**Data:**
★ ★ ★ ★ ★ ★ ★
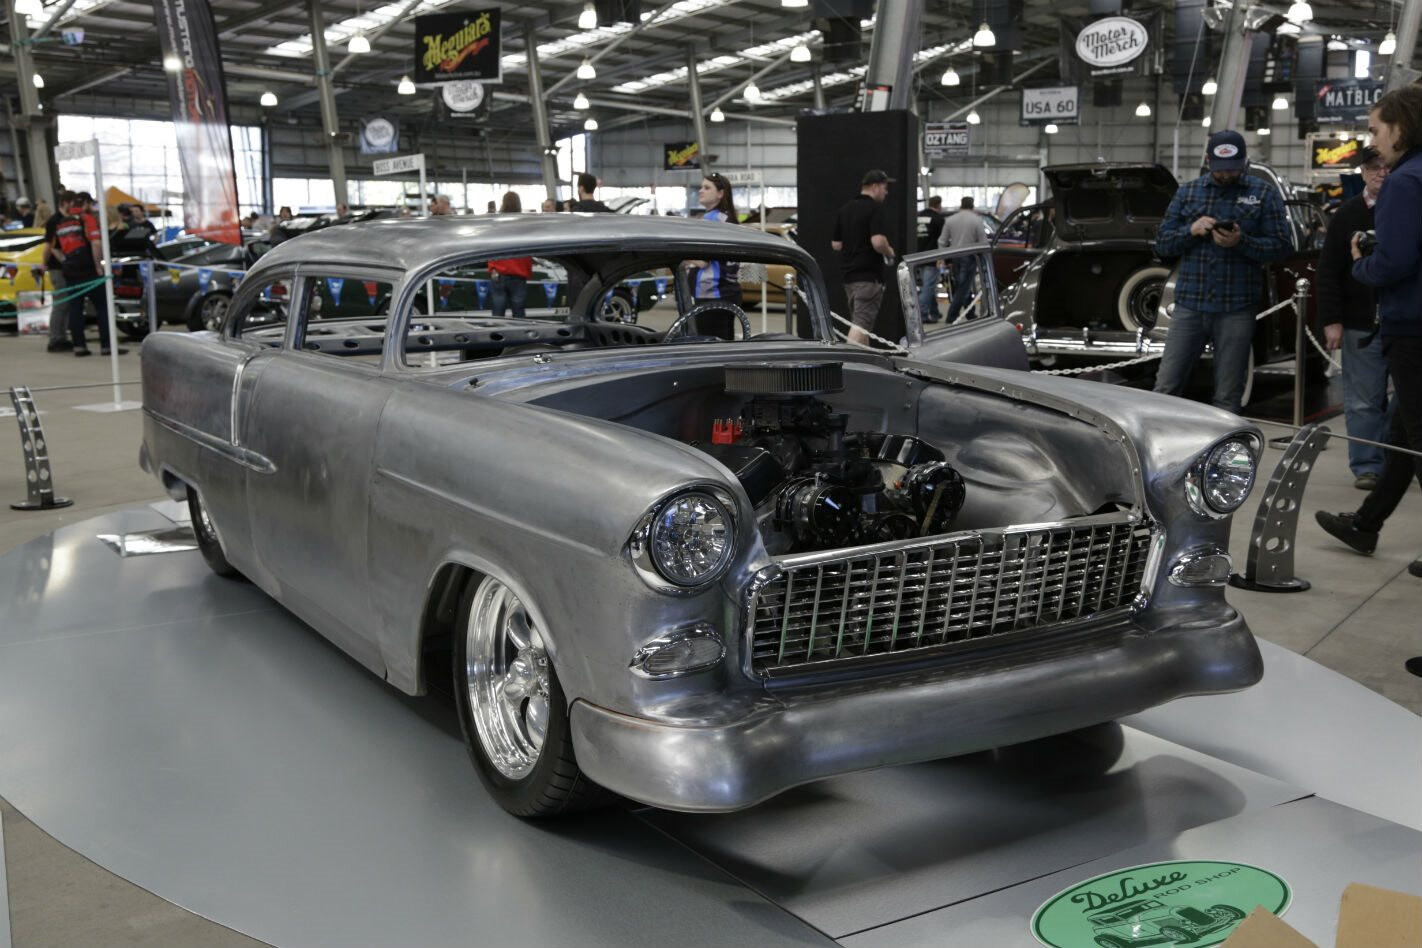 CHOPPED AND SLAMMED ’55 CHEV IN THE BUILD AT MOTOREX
★ ★ ★ ★ ★ ★ ★
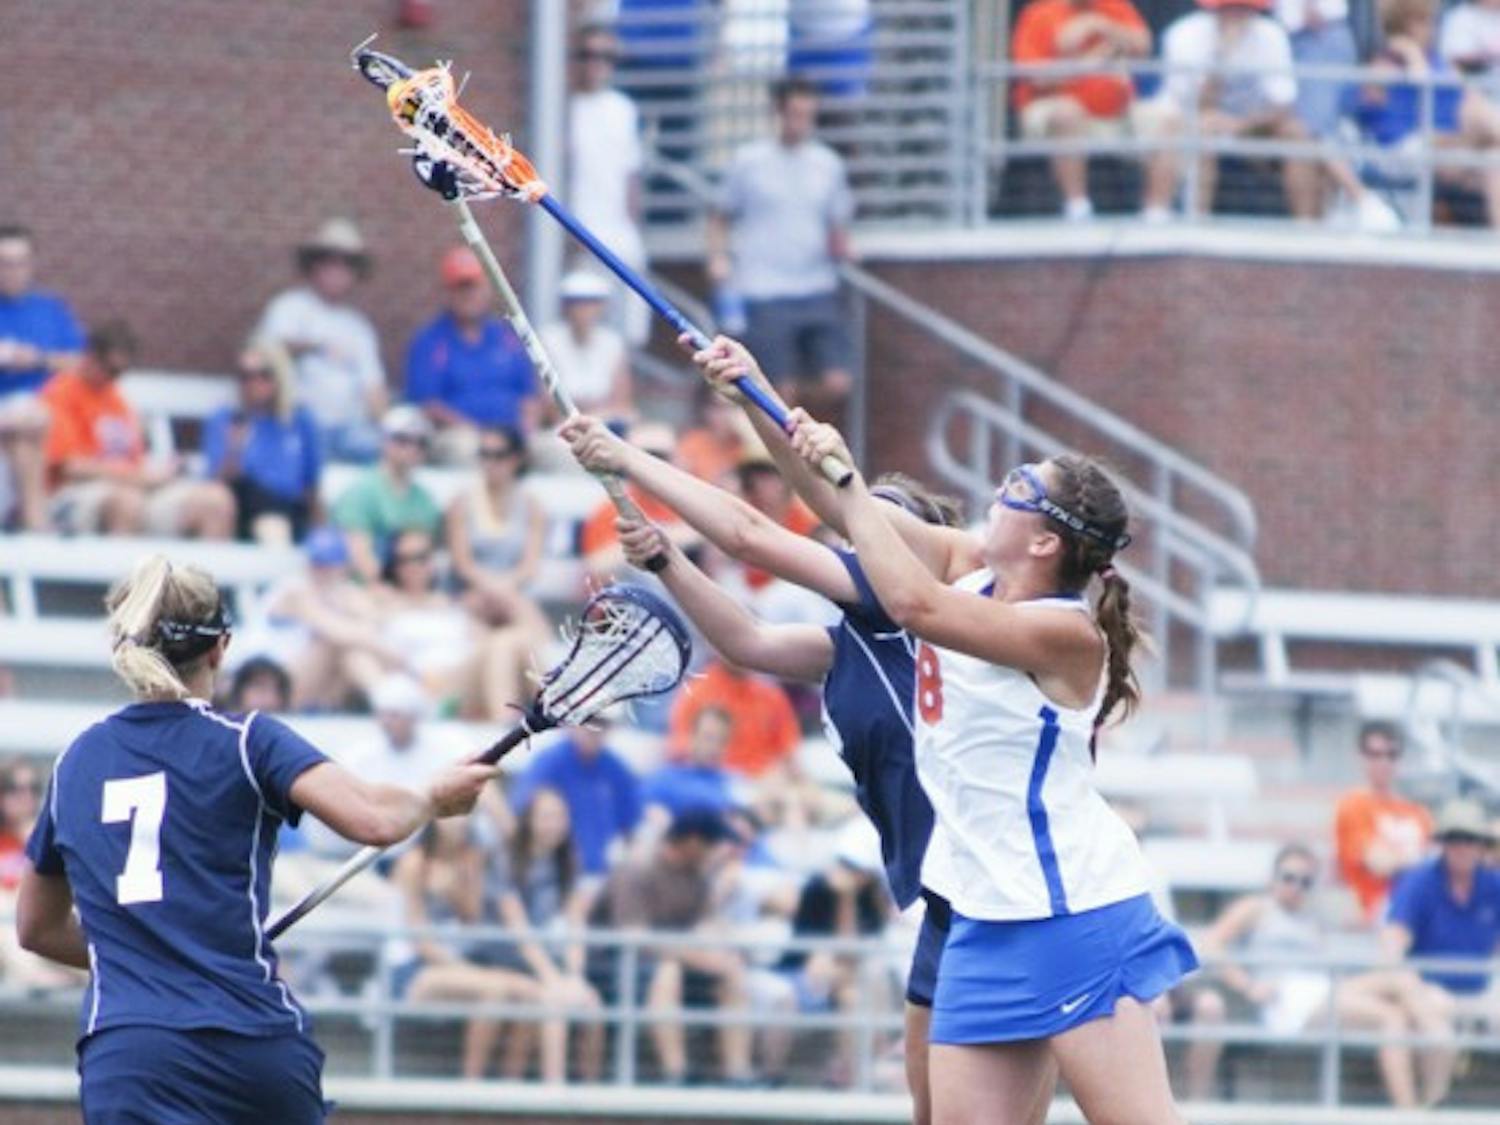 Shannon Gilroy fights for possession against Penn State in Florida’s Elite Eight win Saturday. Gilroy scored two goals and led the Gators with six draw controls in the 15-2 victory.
★ ★ ★ ★ ★ ★ ★
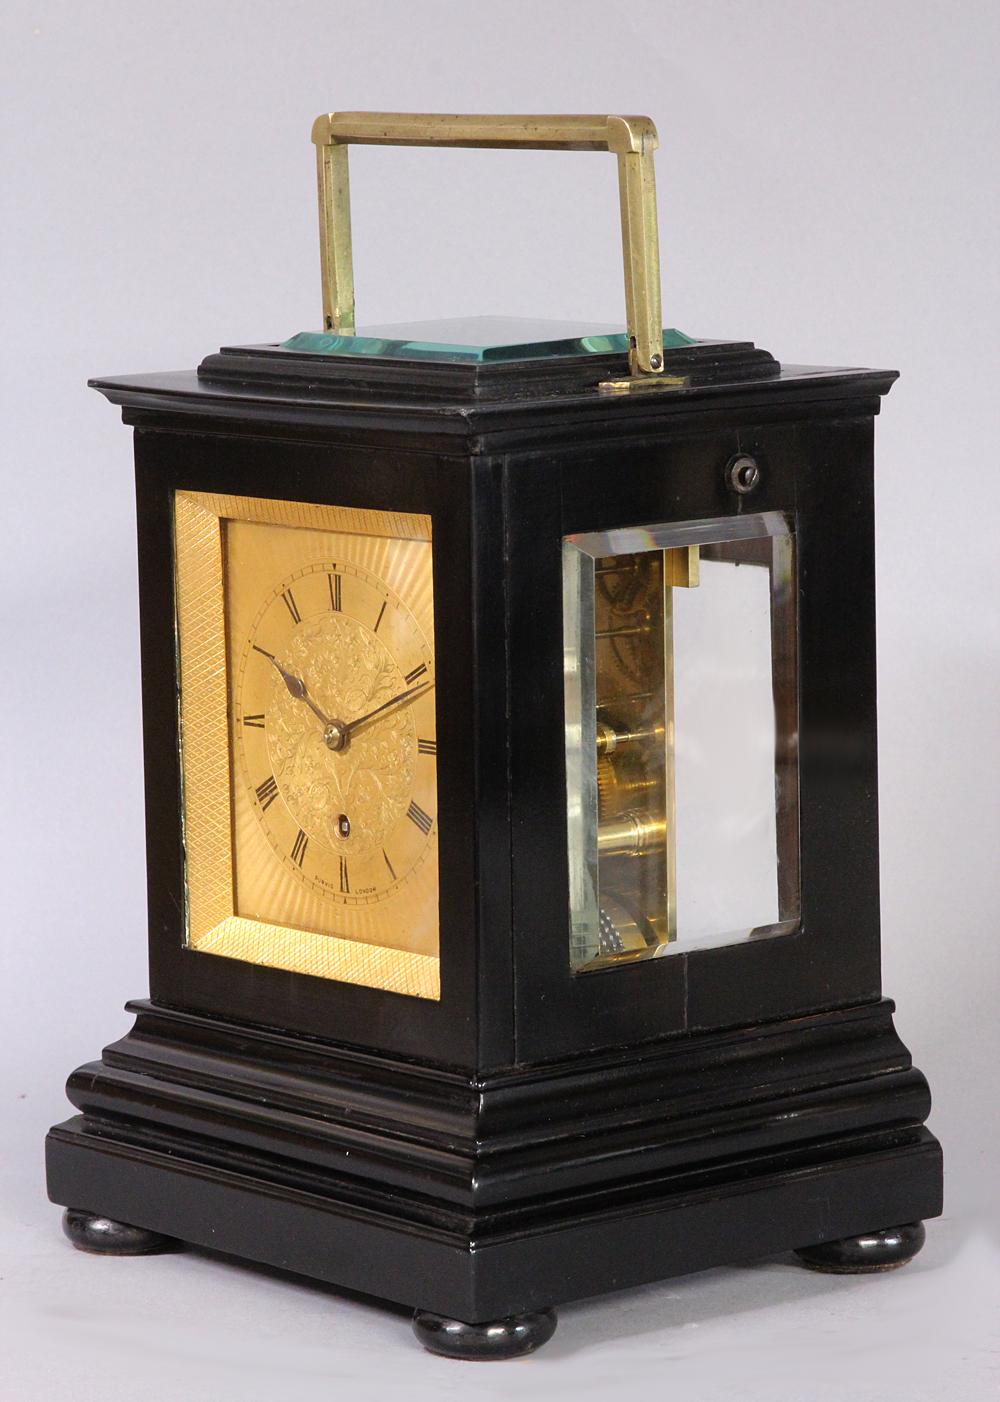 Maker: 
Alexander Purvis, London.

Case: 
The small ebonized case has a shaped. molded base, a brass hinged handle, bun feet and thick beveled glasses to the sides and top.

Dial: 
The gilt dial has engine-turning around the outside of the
★ ★ ★ ★ ★ ★ ★
**Problem description:** Only the lines above starting at the one containing "The small ebonized" and ending at the one containing "The gilt dial", both included, are to be returned, exactly as they read.

**Response area:**
The small ebonized case has a shaped. molded base, a brass hinged handle, bun feet and thick beveled glasses to the sides and top.

Dial: 
The gilt dial has engine-turning around the outside of the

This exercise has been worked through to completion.